« Je me rendis rue Saint-Benoit, où je vis d’une croisée passer le magnifique convoi du fameux et très-heureux, ou fort malheureux Loustaleau. Je dis heureux parce qu’il est débarrassé des peines de la vie, malheureux parce que peut-être si Mme la Mort l’eût consulté il serait encore en vie. »
« Bientôt je vis défiler le funèbre appareil, ce qui me frappa ce fut le deuil. Les quatre coins du drap étaient portés par Honoré Mirabeau, Le Camus, Barnave et Alexandre Lameth. Prudhomme, en pleureuse, marchait immédiatement après le corps. À une petite distance venait le procureur général de la Lanterne ; il était furieux, se cognait le front, pleurait d’un œil et riait de l’autre. Il aurait voulu parler, mais la difficulté de sa prononciation empêchait de l’entendre.

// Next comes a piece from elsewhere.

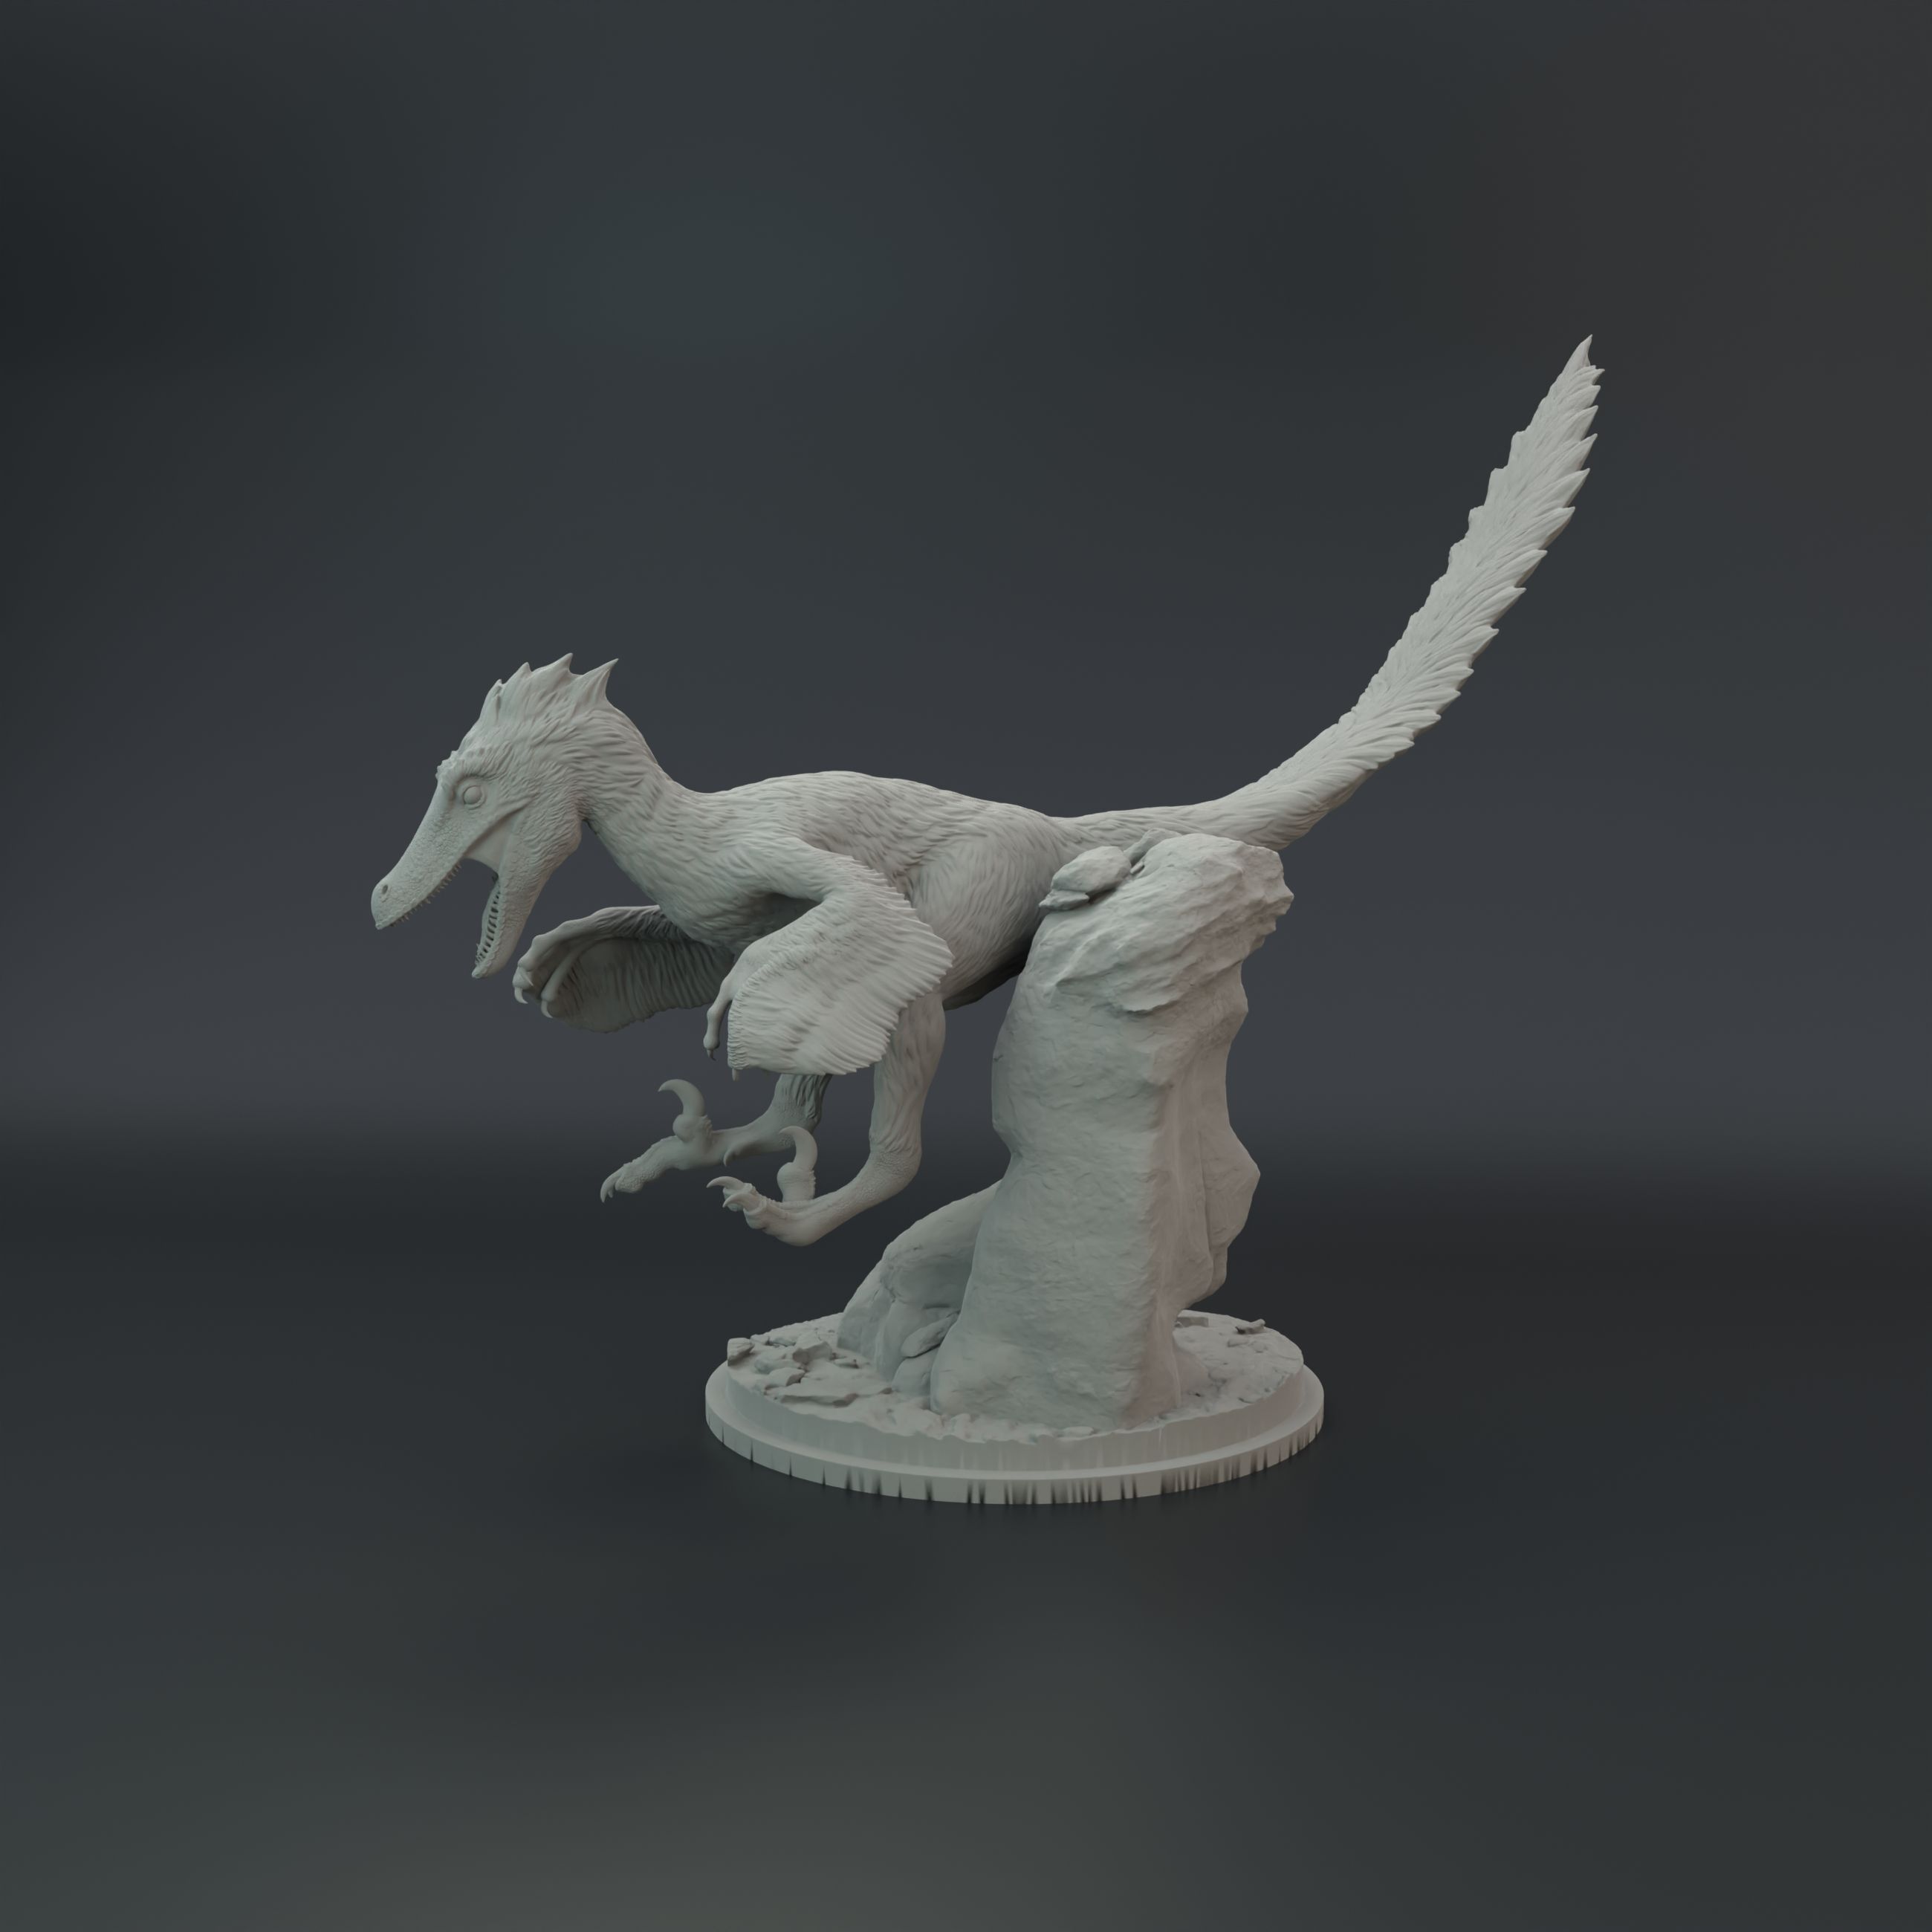 Velo_clay_pounce_2.jpg Archivo STL Pack Velociraptor・Idea de impresión 3D para descargar, Dino_and_Dog

On distingua cependant qu’il promettait l’oraison funèbre du défunt, et que modestement il s’attribuait en ce moment la supériorité sur tous les révolutionnaires qui, comme lui, se croient gens de lettres. Le républicain Dusaulchoy suivait ; son œil sombre, ses cheveux noirs et plats lui donnaient un air de tristesse, qui, joint à la décence de son maintien, intéressait en sa faveur. Prudhomme se retournait de temps en temps, et le regardait en soupirant, mais sa fierté républicaine le rendait sourd à ces invitations. Mon Républicain, disait-il, vaut un autre journal. Les prêtres chantaient, Prudhomme, le désolé Prudhomme, beuglait. Le procureur général de la Lanterne délirait, selon son usage. » (Pages 22 et 23.)
L’auteur anonyme a voulu parodier l’oraison funèbre de Camille Desmoulins ; et la fin de son récit est probablement une raillerie à l’adresse des patriotes qui n’ont pas suivi jusqu’à sa dernière demeure le corps de Loustallot.